Je repose mon téléphone pour n'écouter que la voix de l'accusé. Il bégaye et s'étouffe avec les mots. Je le sais, car le verbe est mon ami, même si je le délaisse avec la canicule. 

Il nie avoir envoyé des messages sexuels, il nie avoir développé un univers fantasque où règnent le sexisme et la violence, sous le couvert d'une utopie détraquée... Et surtout, il nie avoir enrôlé des spectateurs dedans. Il nie pousser les gens à la rupture sociale et encore plus d'avoir considéré ses propres enfants comme des "créations qu'il aurait importées de son univers". 

J'écoute, et je suis fascinée. Comme quand j'ai contemplé l'abîme depuis une falaise, lors d'un voyage de classe dans les Alpes. C'était la même hypnose. 

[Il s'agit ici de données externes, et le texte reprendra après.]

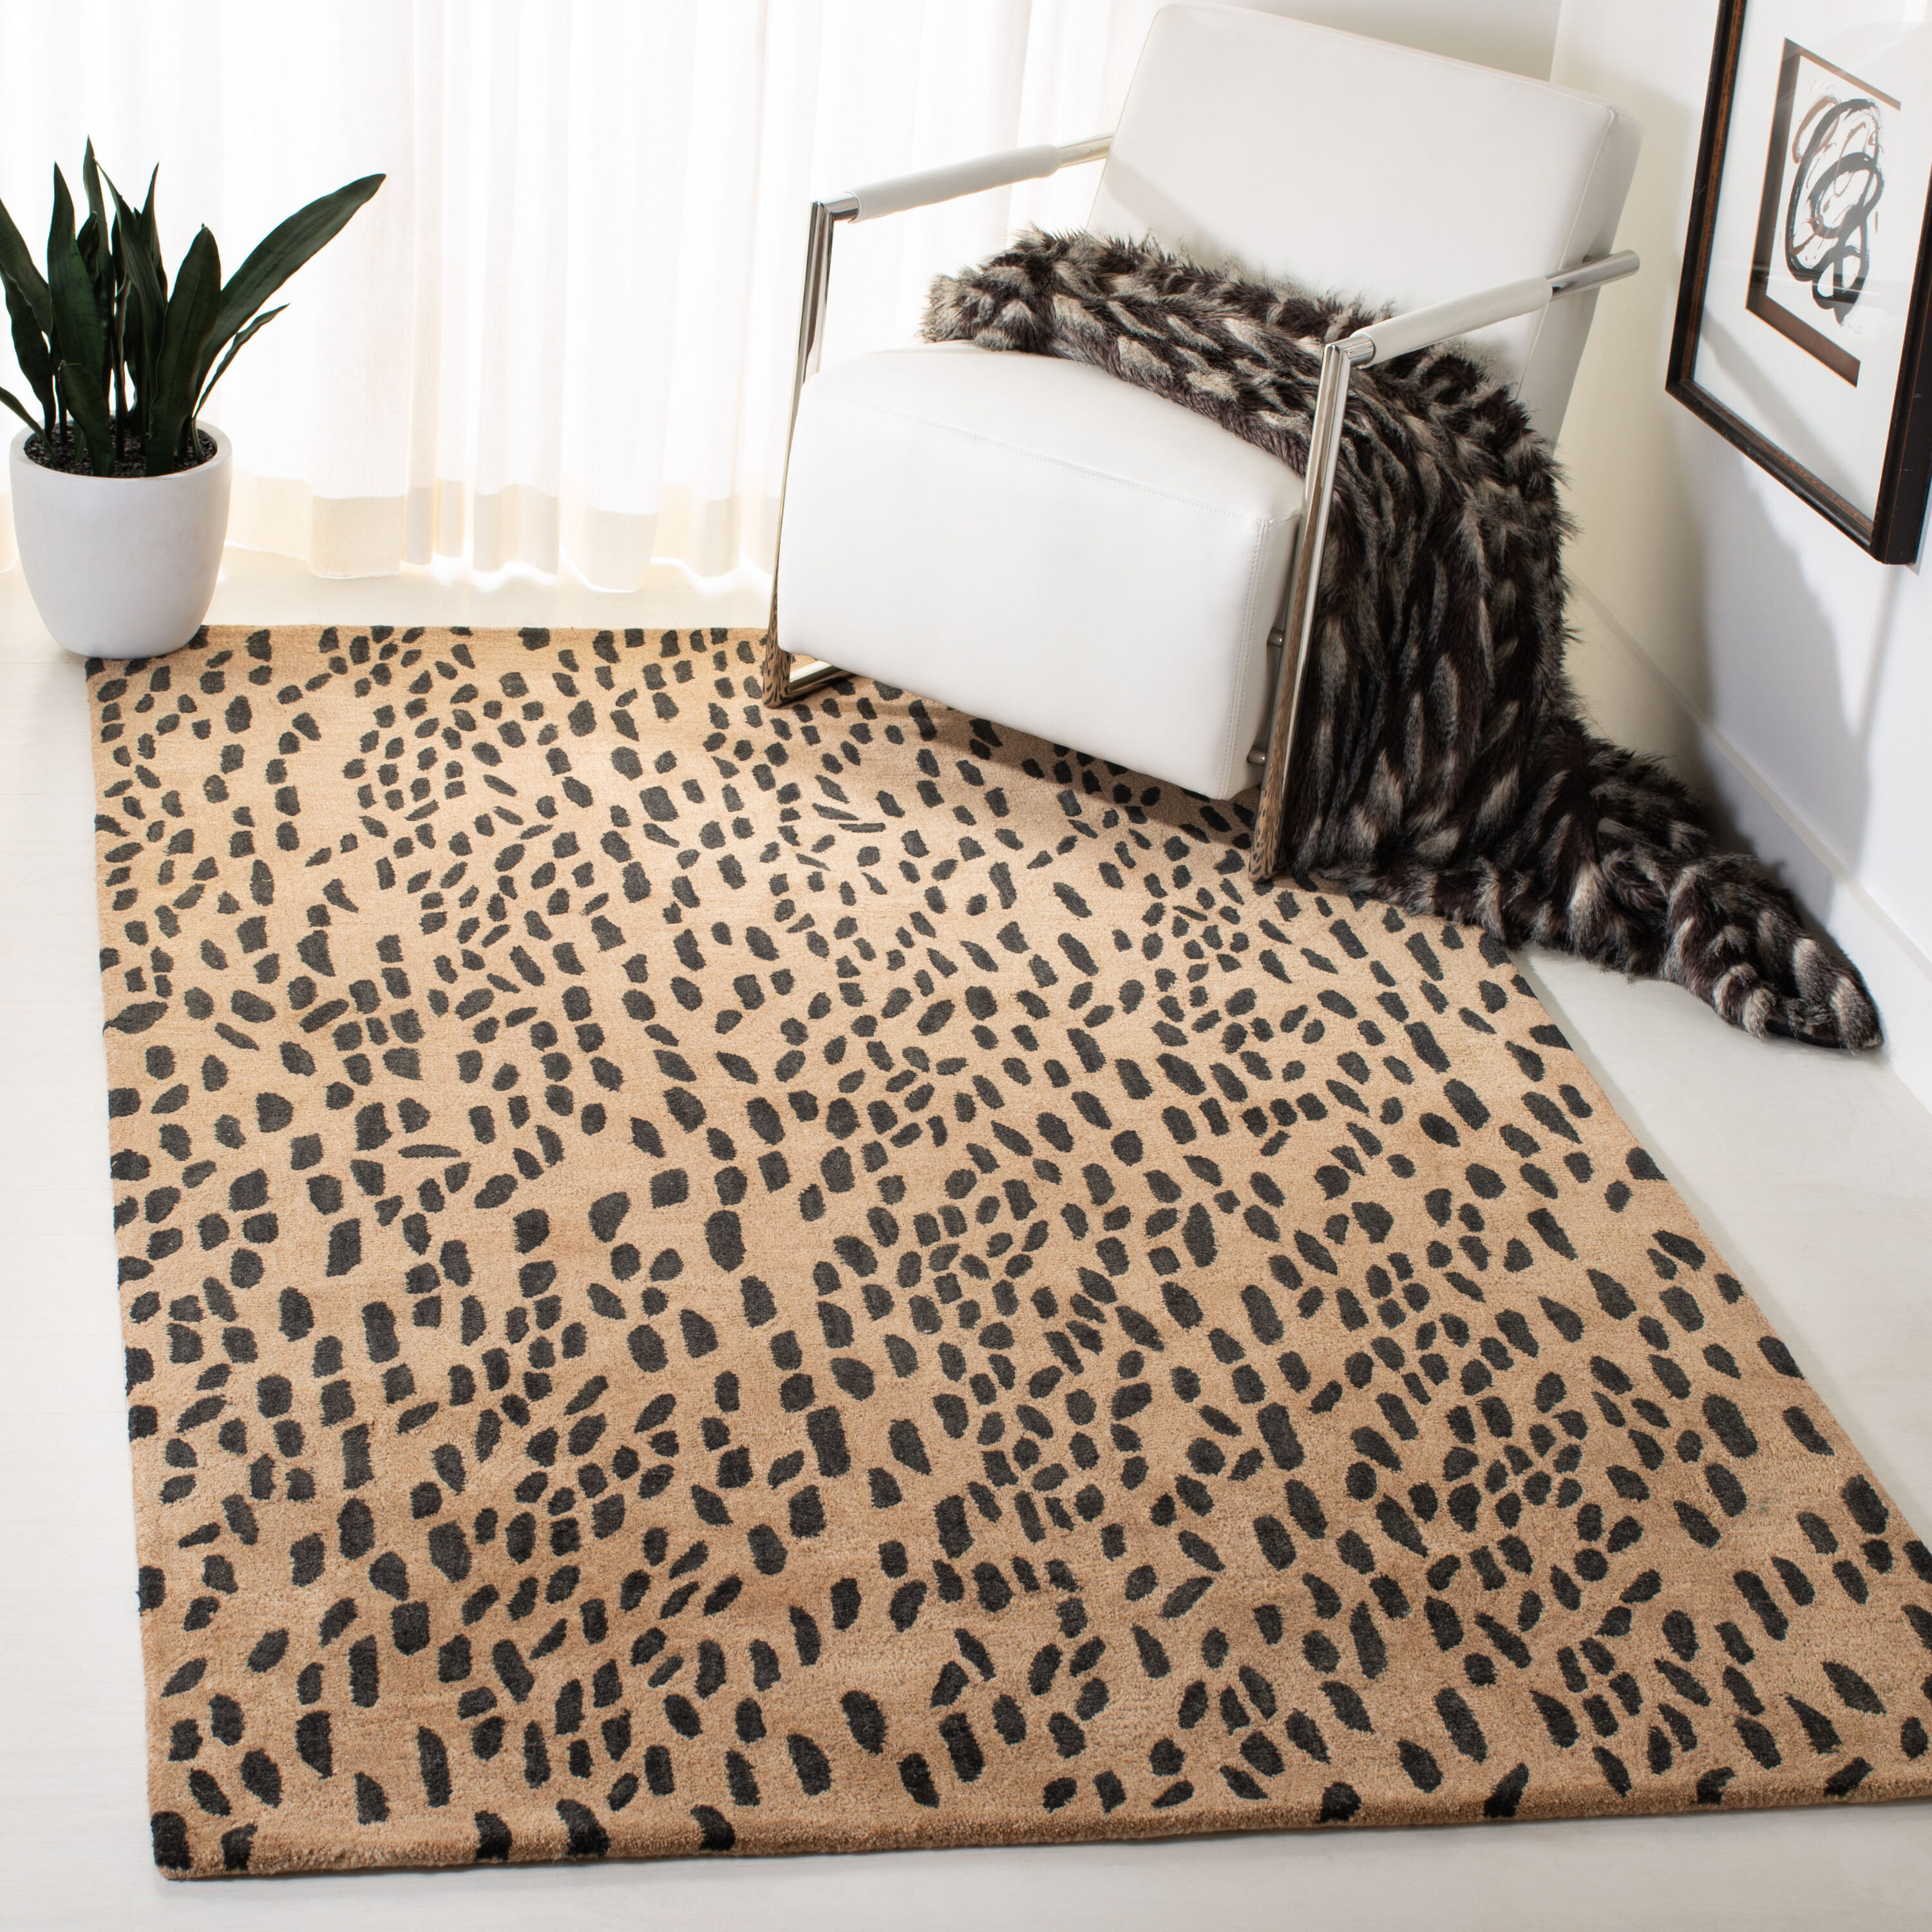 Safavieh Soho Leopard 10 x 14 Wool Beige/Brown Indoor Animal Print Area Rug  at

Je serre le poing, et cela froisse un peu plus le papier de ma banque. Il paraît qu'au début de ce siècle, les gens imaginaient qu'on serait immortels et que les voitures voleraient. La seule chose qui a changé, en dehors du Code de la Natalité suite aux mutations, c'est que les billets font partie des musées. Presque plus aucun commerce ne les accepte en dehors de vieux résistants. L'argent liquide a quasi disparu, du moins c'est ce que l'on apprend en classe. Dans les faits, on l'utilise surtout pour les choses illégales. Comme se fournir en cannabis mensuel.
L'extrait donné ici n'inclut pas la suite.